9492-9498 is 7 channels. Maybe they put TBS at 9499 as a hint that more channels are to fill those spots soon.


----------



## James Long (Apr 17, 2003)

Or perhaps they like the number.

Plenty of gaps in the 9419-9499 range.


----------



## coldmiser (Mar 10, 2007)

Ok, so now I just need CNN, SciFi, and USA.


----------



## DBS Commando (Apr 7, 2006)

One thing that I have also noticed is that Dish hasn't added TBS to their lineup yet on their website. Perhaps they are waiting?


----------



## tomcrown1 (Jan 16, 2006)

Dish has 100 national channels and for you ppv we have 70 PPV channels to let you spend all your hard earn dollars with dish WE ARE #1 IN PPV HD


----------



## blarg (Apr 15, 2007)

so....um....anyone notice that TBSHD is in stretch-o-vision? That's not HD. That's a waste of bandwidth.


----------



## James Long (Apr 17, 2003)

blarg said:


> so....um....anyone notice that TBSHD is in stretch-o-vision? That's not HD. That's a waste of bandwidth.


I agree. But the Jones' got the channel and one must keep up with the Jones' ...

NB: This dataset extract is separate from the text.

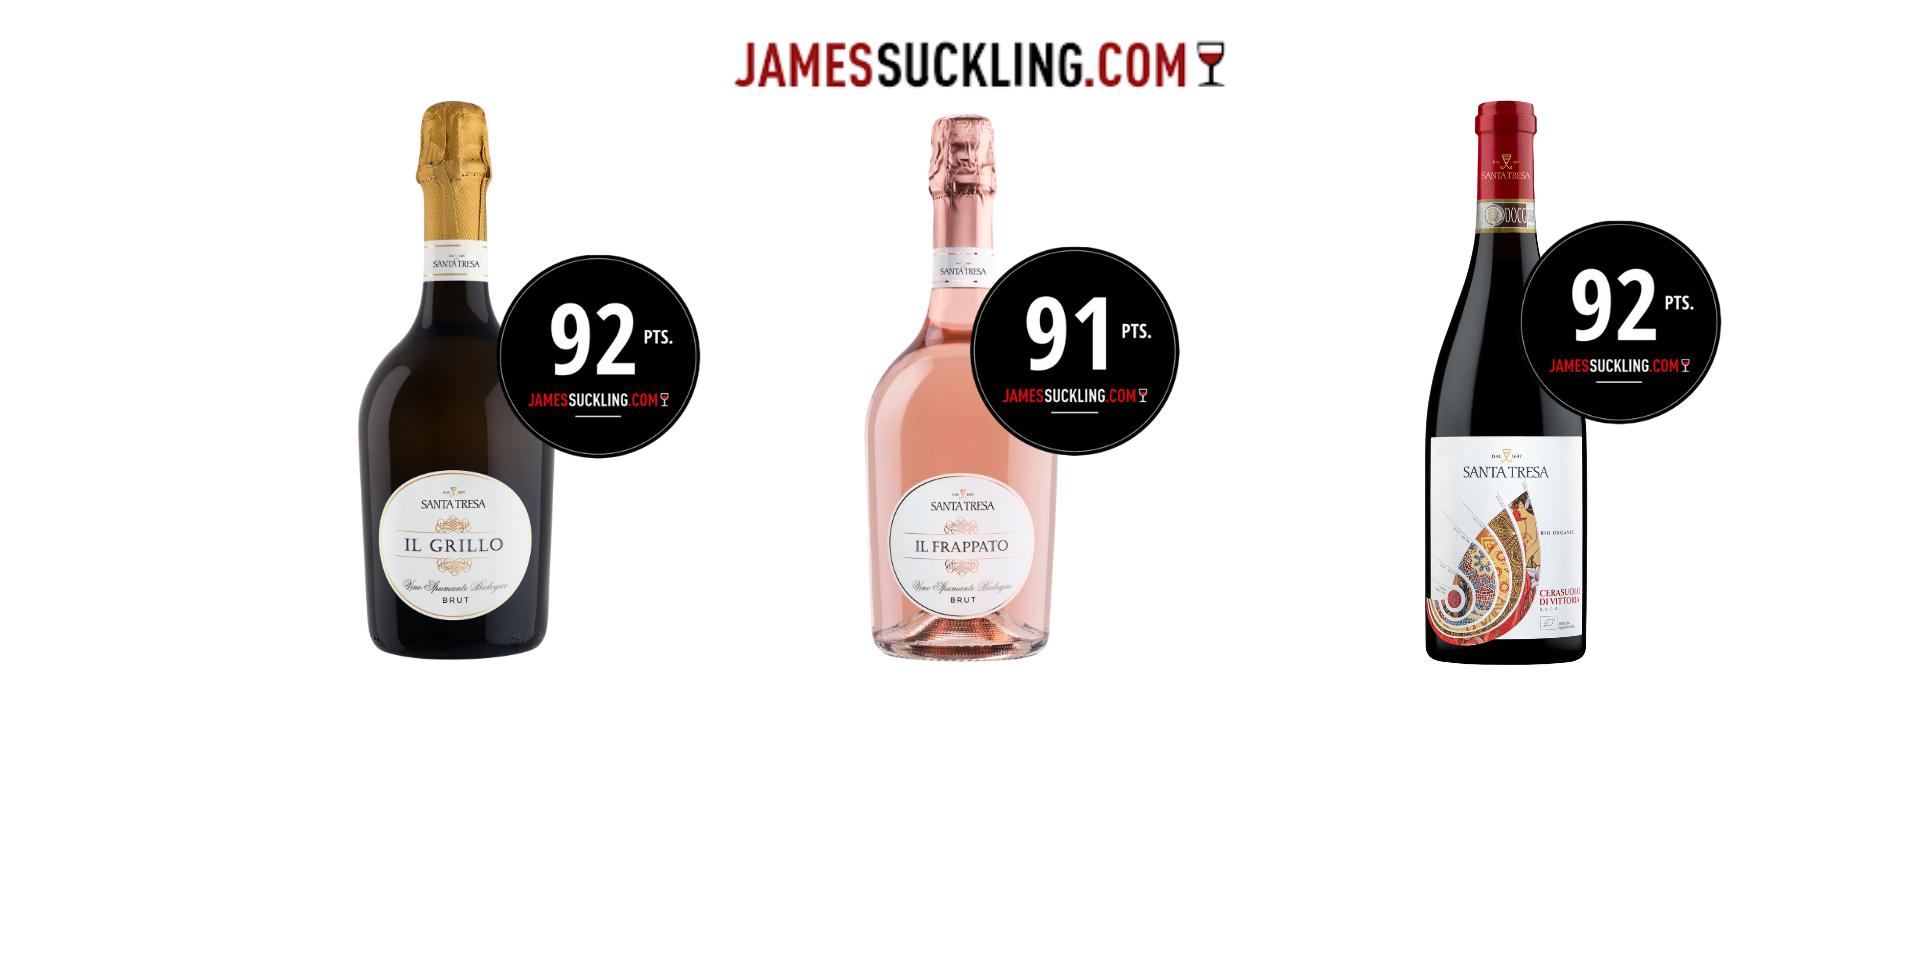 James Suckling - I punteggi

Hopefully there will be more than just HD Baseball in the next few months.


----------



## Stewart Vernon (Jan 7, 2005)

blarg said:


> so....um....anyone notice that TBSHD is in stretch-o-vision? That's not HD. That's a waste of bandwidth.


That is exactly why many of us were not that disappointed when TBSHD launched on DirecTV a week earlier. Reports had been coming in that the only HD there thus far had been baseball.

But I guess enough people complained loud enough, and Dish felt the pressure. Incidentally, I just found out that Time Warner also put TBSHD up sometime in the past several days without any fanfare... so I'm guessing the pressure got to them as well.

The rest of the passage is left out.